# Will my Fuji lens work with a Nikon D3000?



## Gabe5017 (Jul 8, 2010)

Im pretty new to photography,and found my dads old Fujica AX-3 SLR.

Its a promaster spectrum 7 1A 55MM. Will it mount to my nikon D3000?


----------



## Flash Harry (Jul 10, 2010)

Probably not, without an adapter of some sort, Fuji digi cameras use nikon bodies so lens are no problem but older bodies have a different mount to nikons F mount.


----------



## Dwig (Jul 10, 2010)

Gabe5017 said:


> Im pretty new to photography,and found my dads old Fujica AX-3 SLR.
> 
> Its a promaster spectrum 7 1A 55MM. Will it mount to my nikon D3000?



The item that you've spec'ed, "Promaster Spectrum 7 1a 55mm", is a skylight filter attached to the lens on hte AX-3. Filters don't fit "cameras", they fit "lenses". 

The filter is the wrong size to fit the common Nikkor lenses such as the 18-55mm kit lens that is usually bundled with a D3000. That lens requires a 52mm filter and won't accept a 55mm filter. Forget the old filter anyway. It is a cheap housebrand filter.

The lens on the AX-3 will use Fujica's X-mount. These lenses can't be adapted to Nikon F mount with a simple adapter as any adapter would put the lens too far forward away from the sensor to allow proper focus at normal distances. Fujica's X-mount cameras were rather unsuccessful, they ran for only about 5 years and sales were modest.

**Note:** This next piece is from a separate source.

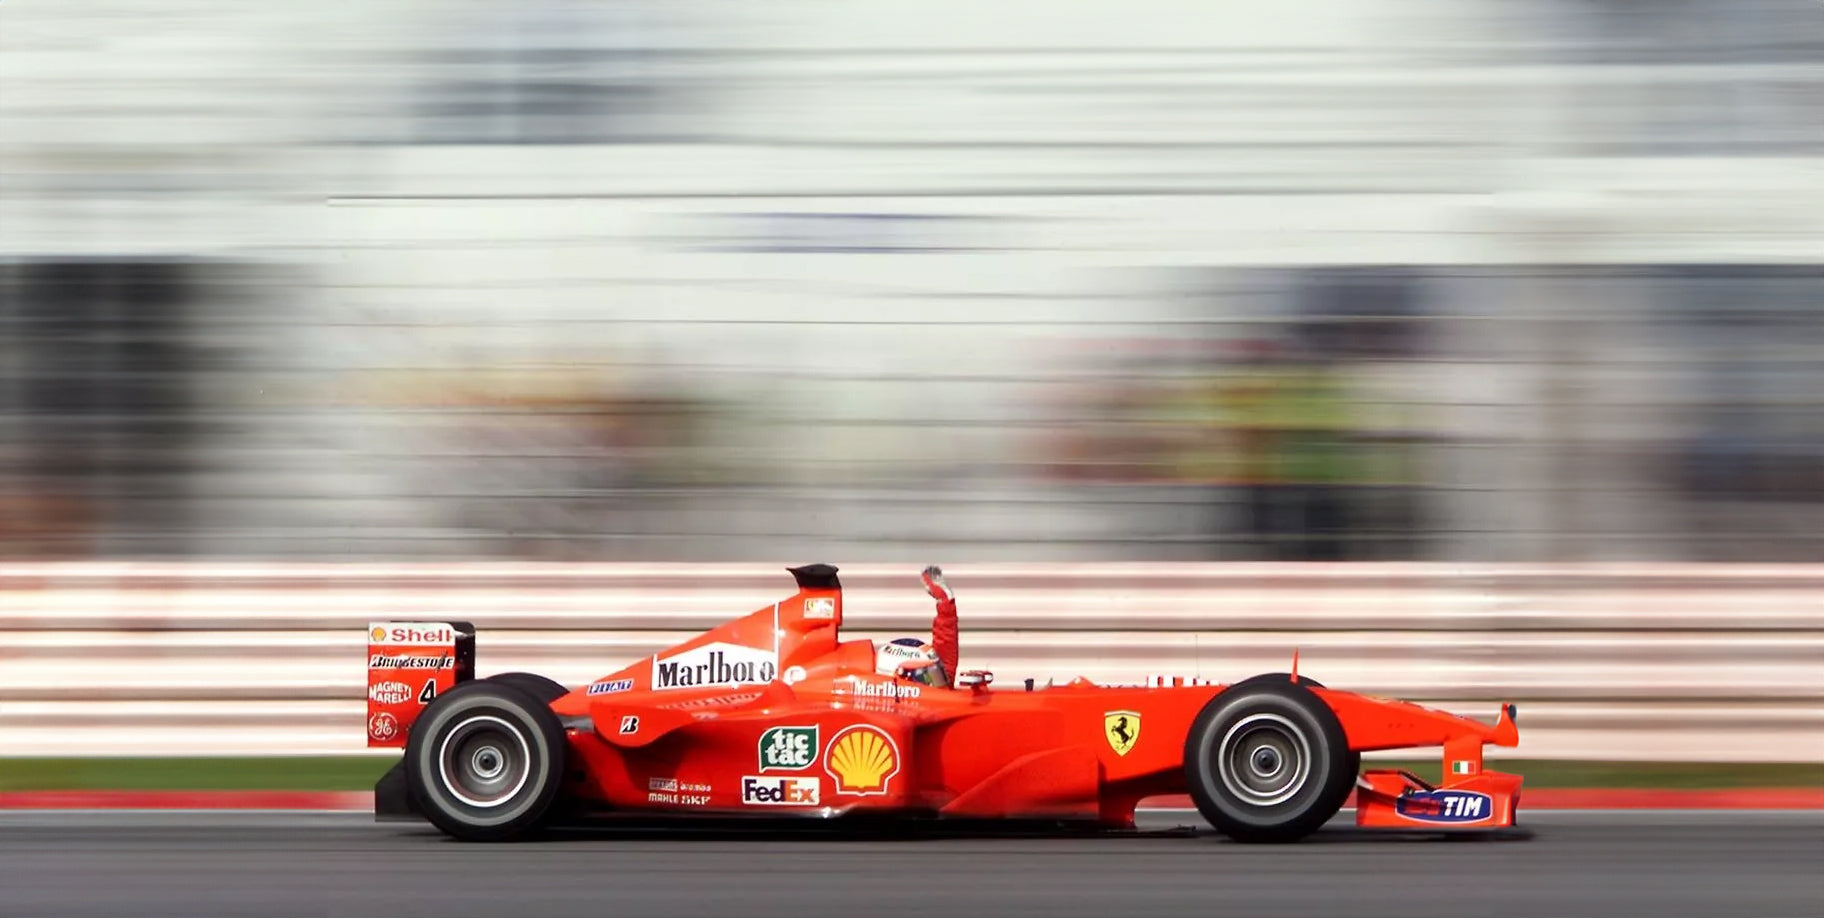 Rolling shot of Michael Schumacher racing for Ferrari in Marlboro livery

The odds of anyone marketing an adapter with an added relay lens to allow proper focus is all but nil. Even if such an adapter existed, there would be no connection to your camera's meter, focusing mechanism, and iris stop down mechanism. The lens would be difficult to use.


----------



## Formatted (Jul 10, 2010)

To translate the above. Answer No.


----------



## Gabe5017 (Jul 10, 2010)

thanks for the input. I'll prob end up not selling the fuji, considering that I think film photography is fun as hell.

but thanks for telling me. Kinda a bummer


----------



## emceeaye (Jan 29, 2011)

*Hi Dwig, 

I saw your post in response to a thread started by someone about 6  months ago wanting to know if a Fuji lens will mount a Nikon D3000.  You  stated that it won't mount and that there is unlikely to be an adapter  to allow it to mount.  I ask because I also inherited a lens with a fuji  mount--the Tamron AF Asph Wide Angle lens 20-40mm f/2.7-3.5--and I'd  like to mount it to my Nikon D40x. Would this lens mount to the D40x,  and if not, is there hope of finding an adapter for it?  

Thank you in advance.
*


----------